Miami Man Wins National Memory Competition

Nelson Dellis becomes two-time winner.

A Miami man who climbs mountains to call attention to Alzheimer's disease has won a national memory competition held in New York City.

It's the second year in a row that 28-year-old Nelson Dellis of Miami has won the USA Memory Championship.

He also broke a record for memorizing 303 random numbers in five minutes, besting the previous record of 248 numbers in five minutes. He set that record last year.

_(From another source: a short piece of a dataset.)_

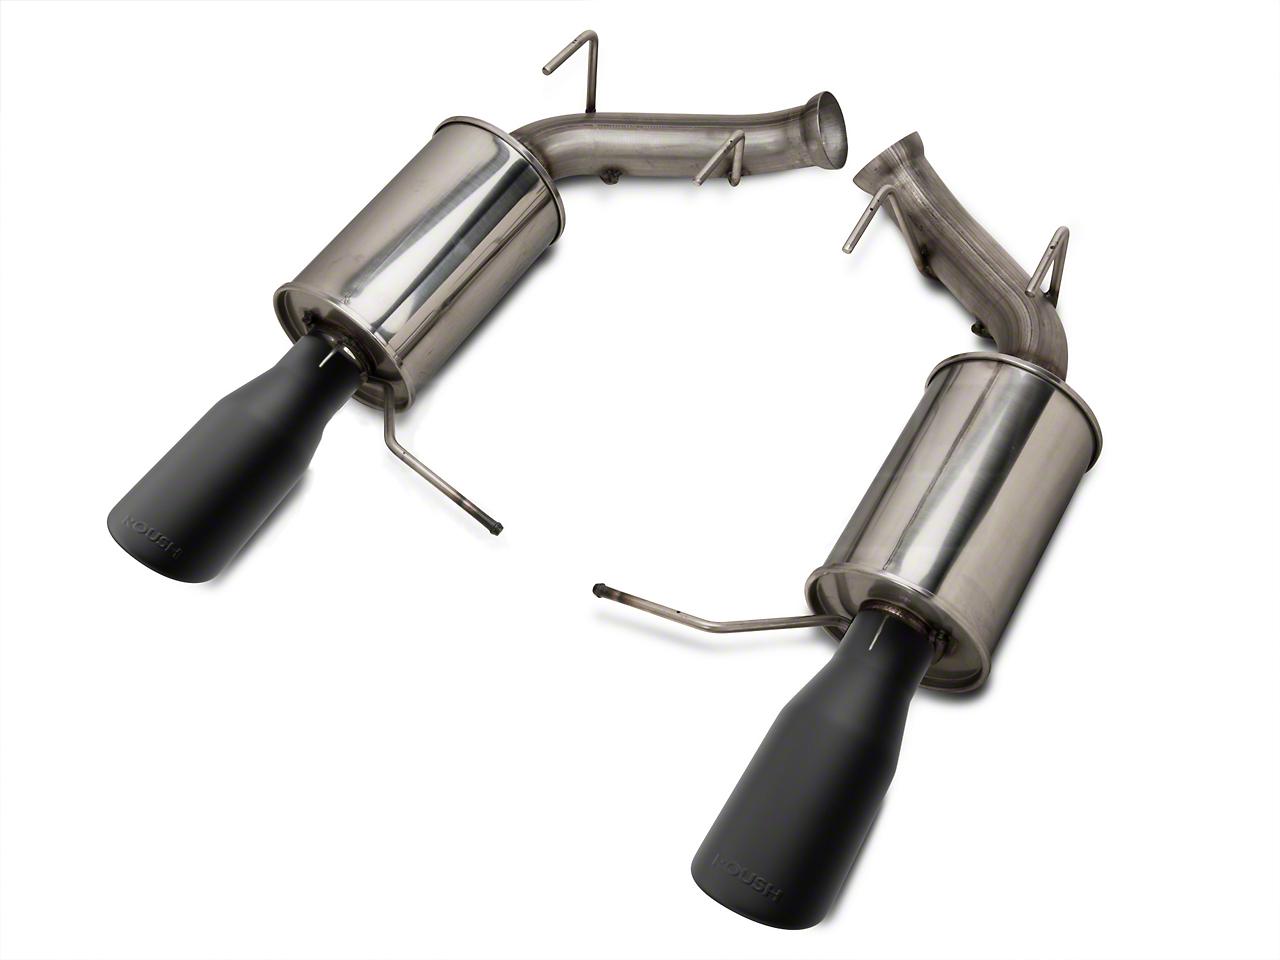 Roush Axle-Back Exhaust w/ Black Tips (11-14 GT; 11-12 GT500)

Dellis graduated from the University of Miami and once told NBCMiami he practices every day.

He can memorize a list of 80 random words in 5 minutes and a deck of cards, in order, in 45 seconds, and once returned to the UM campus to teach current UM students his tricks.

Dellis' method involves association. For numbers, he designates different people, places or things with each pair of digits. For instance, the sequence 244231 looks like 6 numbers to you and me. But for Dellis, those numbers represent the phrase "Kobe Bryant smoking a banjo."

About 50 people competed in Saturday's challenge of mental skill.

Among the challenges, competitors had to recall 99 names and faces, a 50-line unpublished poem and 200 random words.

The competition, now in its 15th year, was founded by a former IBM executive to promote the capabilities of the human brain.